◆ **Try it**
When you reach the line that holds "Tarkastuslautakunta esitti toukokuussa", start copying exactly and keep going through the final line of the data, leaving out pictures.

(Information shown begins)

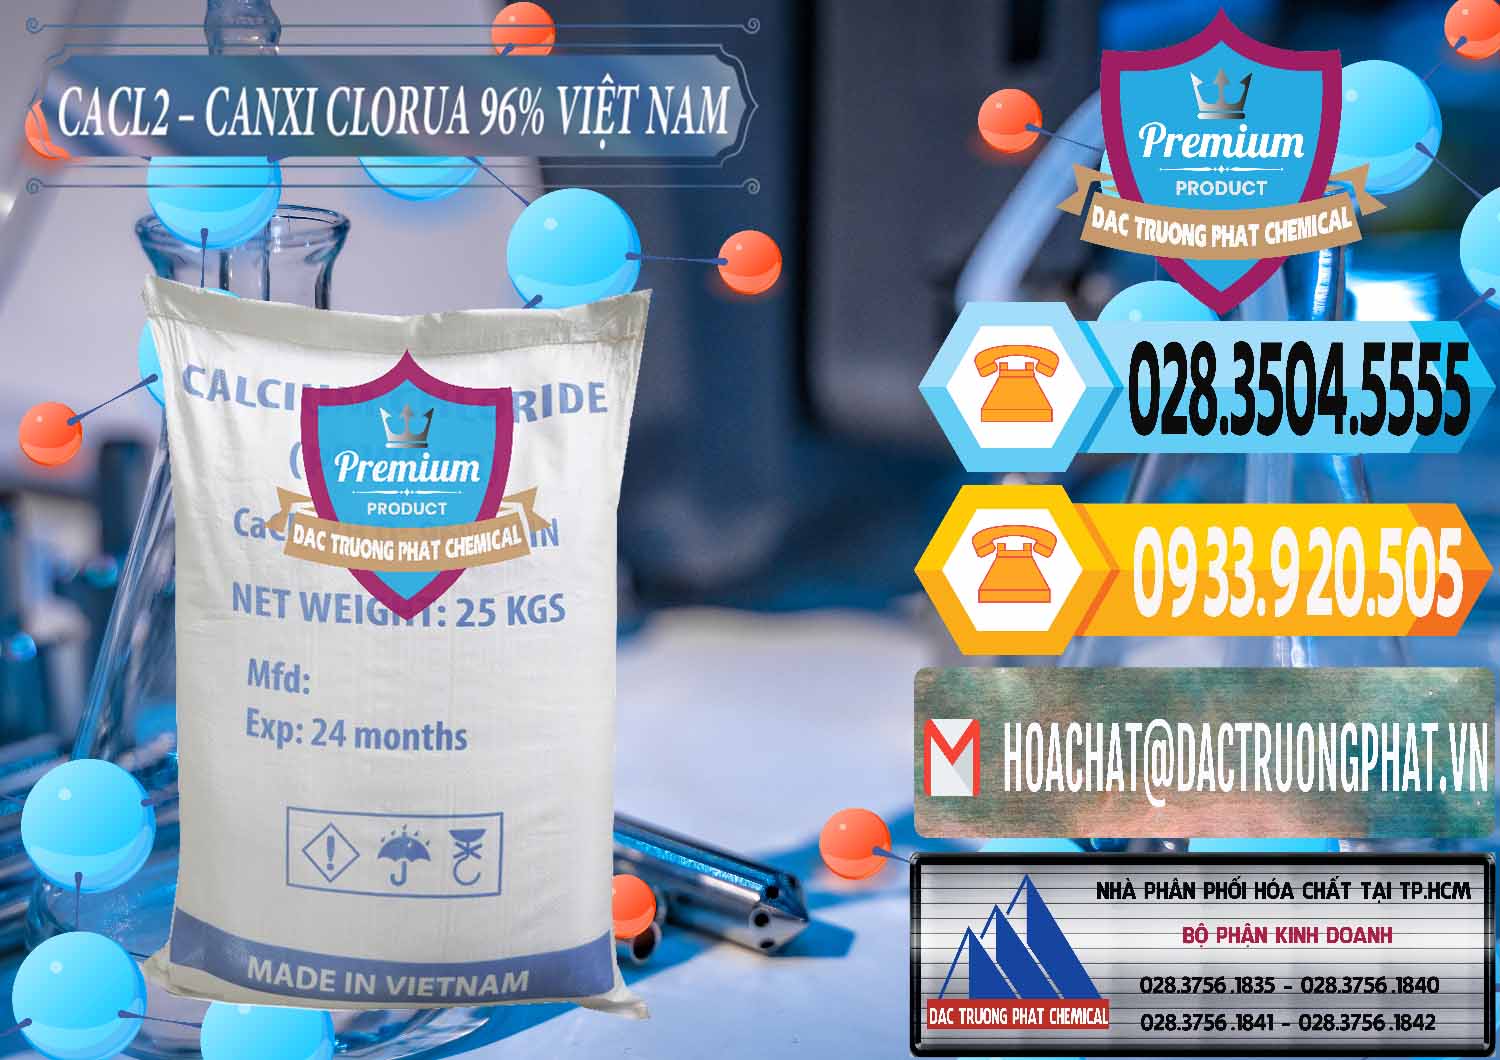 Chuyên phân phối _ kinh doanh CaCl2 – Canxi Clorua 96% Việt Nam - 0236 - Cty chuyên cung cấp _ kinh doanh hóa chất tại TP.HCM - hoachattayrua.net
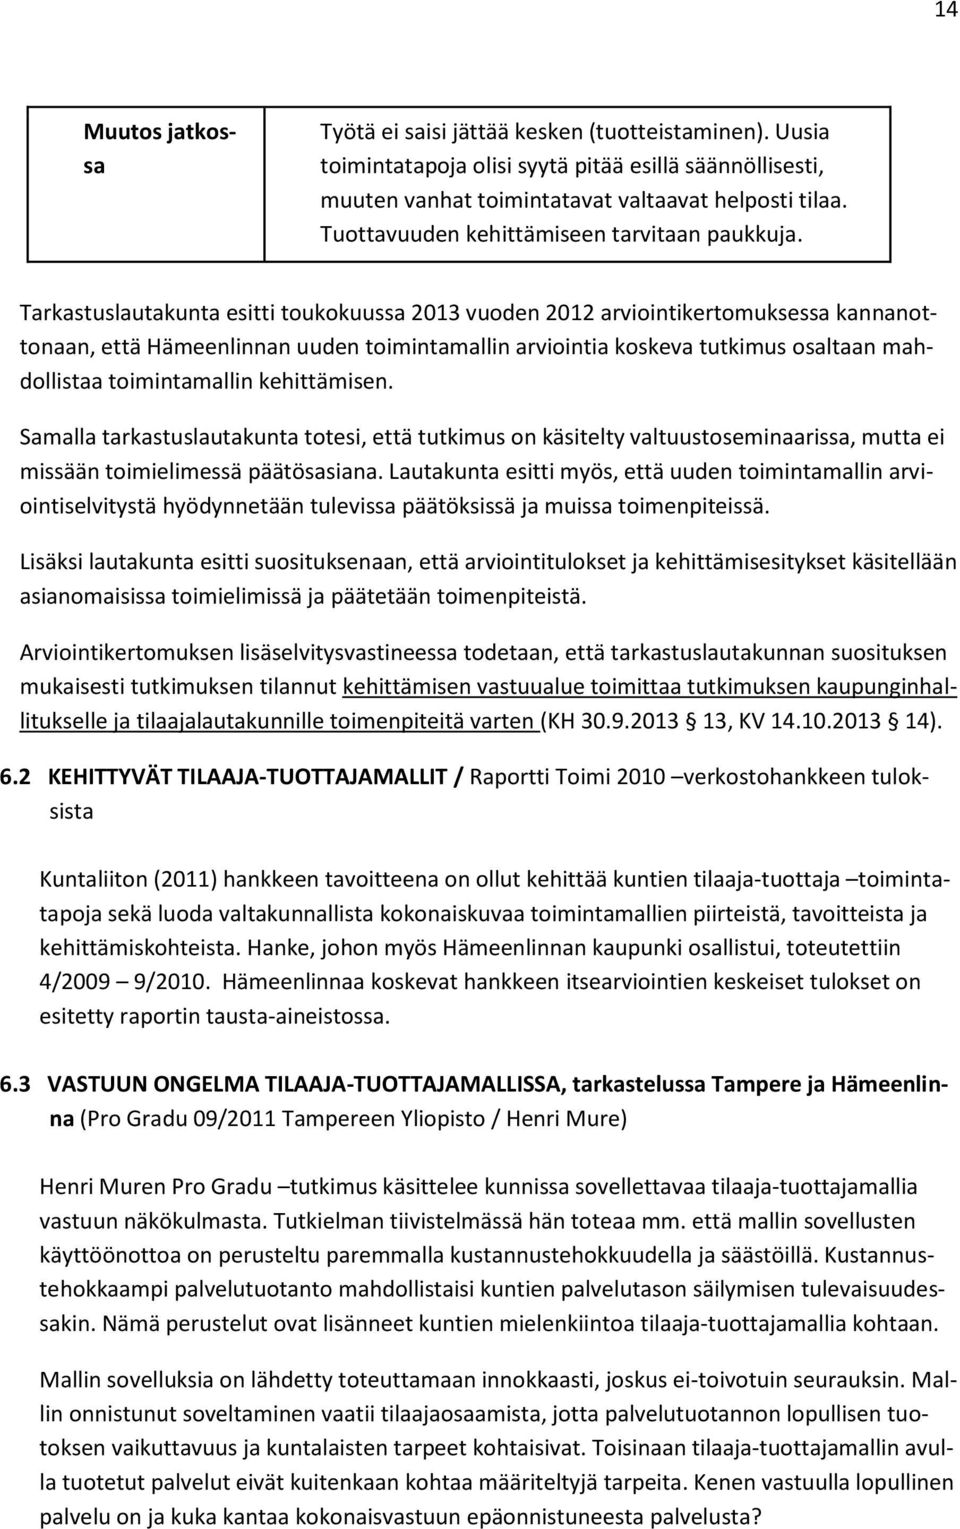 Tarkastuslautakunta esitti toukokuussa 2013 vuoden 2012 arviointikertomuksessa kannanottonaan, että Hämeenlinnan uuden toimintamallin arviointia koskeva tutkimus osaltaan mahdollistaa toimintamallin
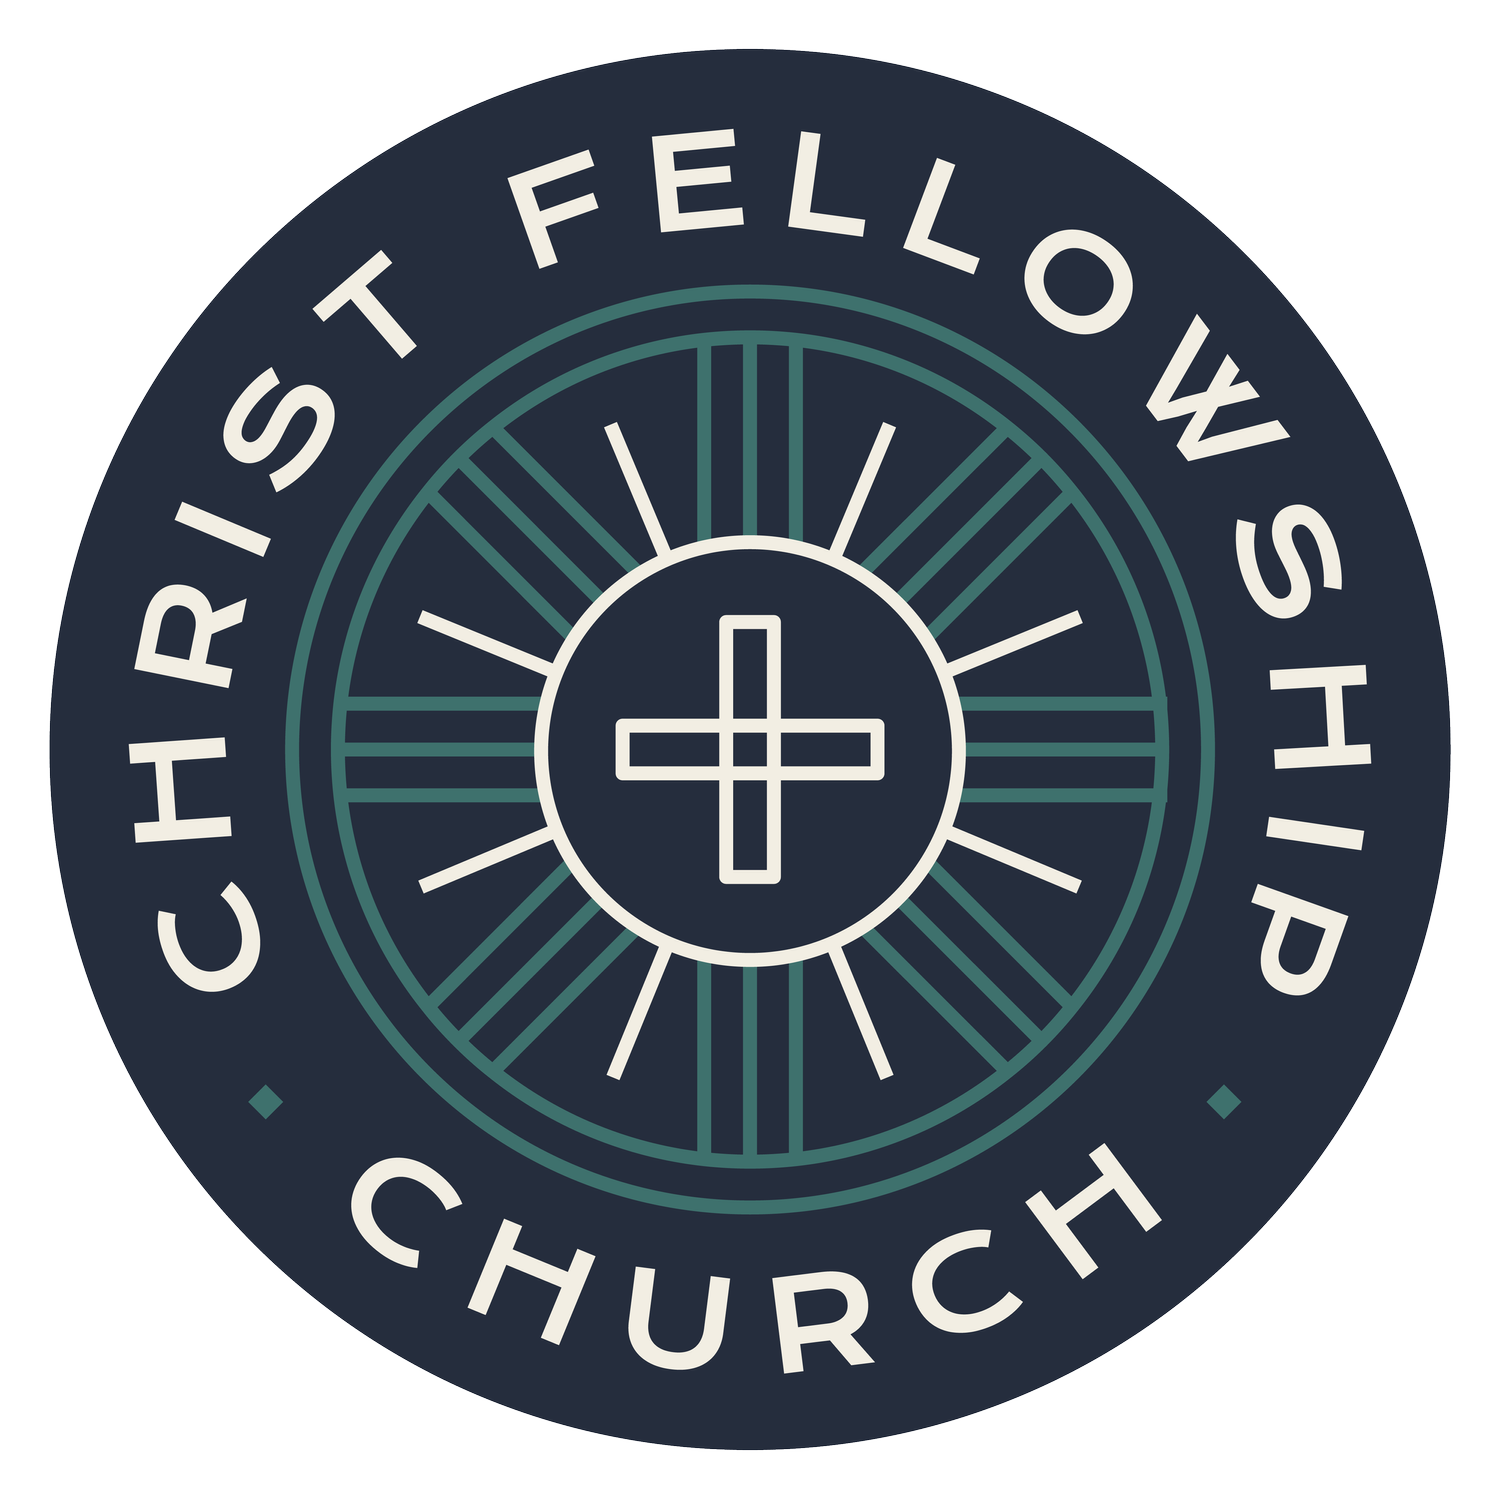 Christ Fellowship Church St. Louis
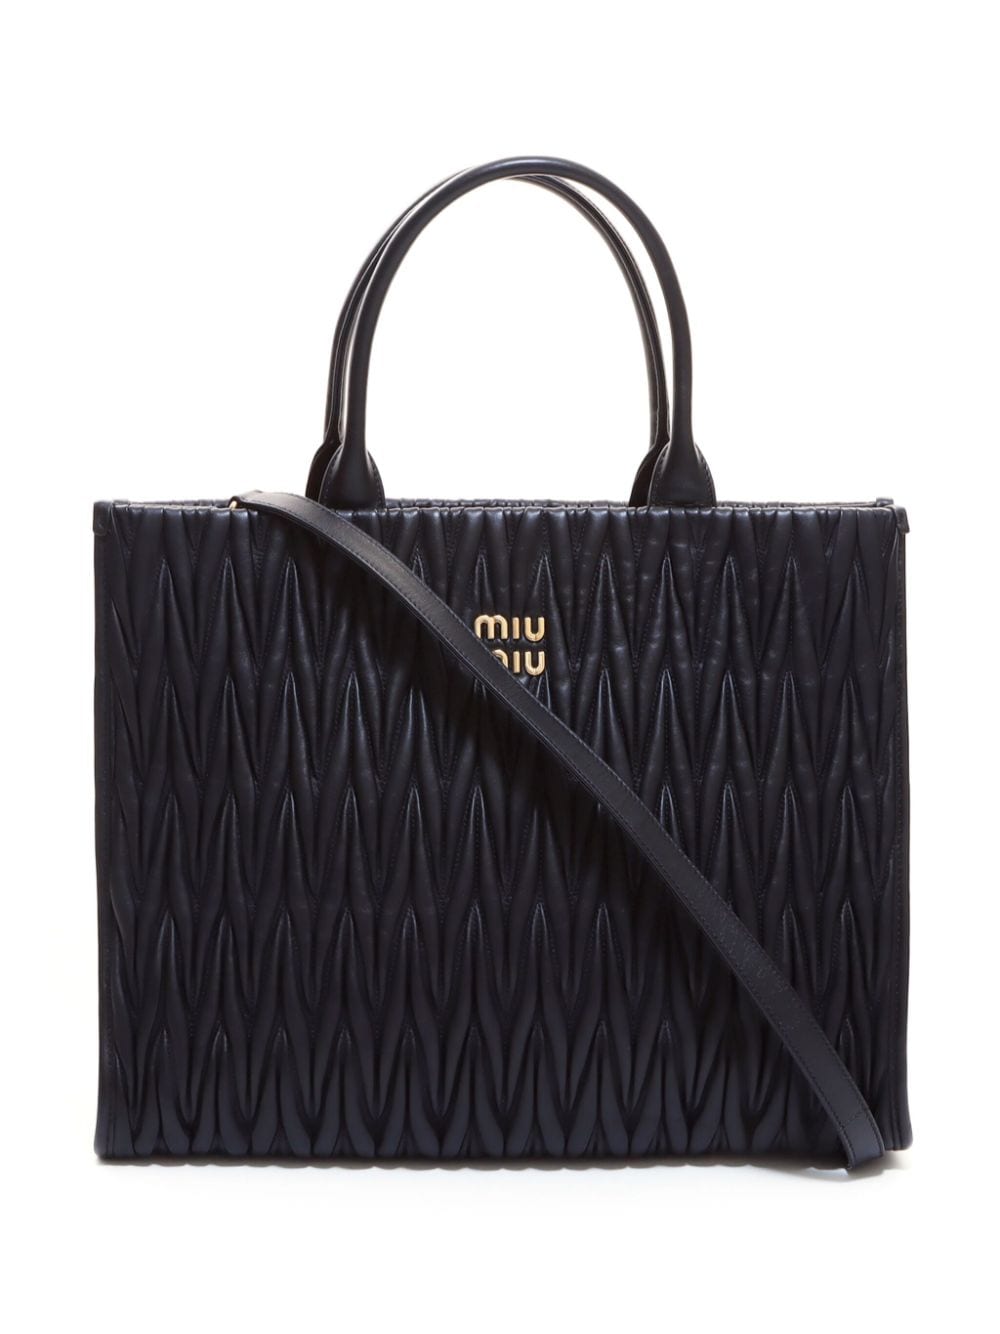 Miu Miu Pre-Owned matelasse two-way handbag - Nero

(Information shown ends)

◆ **Worked solution**
 Tarkastuslautakunta esitti toukokuussa 2013 vuoden 2012 arviointikertomuksessa kannanottonaan, että Hämeenlinnan uuden toimintamallin arviointia koskeva tutkimus osaltaan mahdollistaa toimintamallin
 Christ Fellowship Church St. Louis
 Miu Miu Pre-Owned matelasse two-way handbag - Nero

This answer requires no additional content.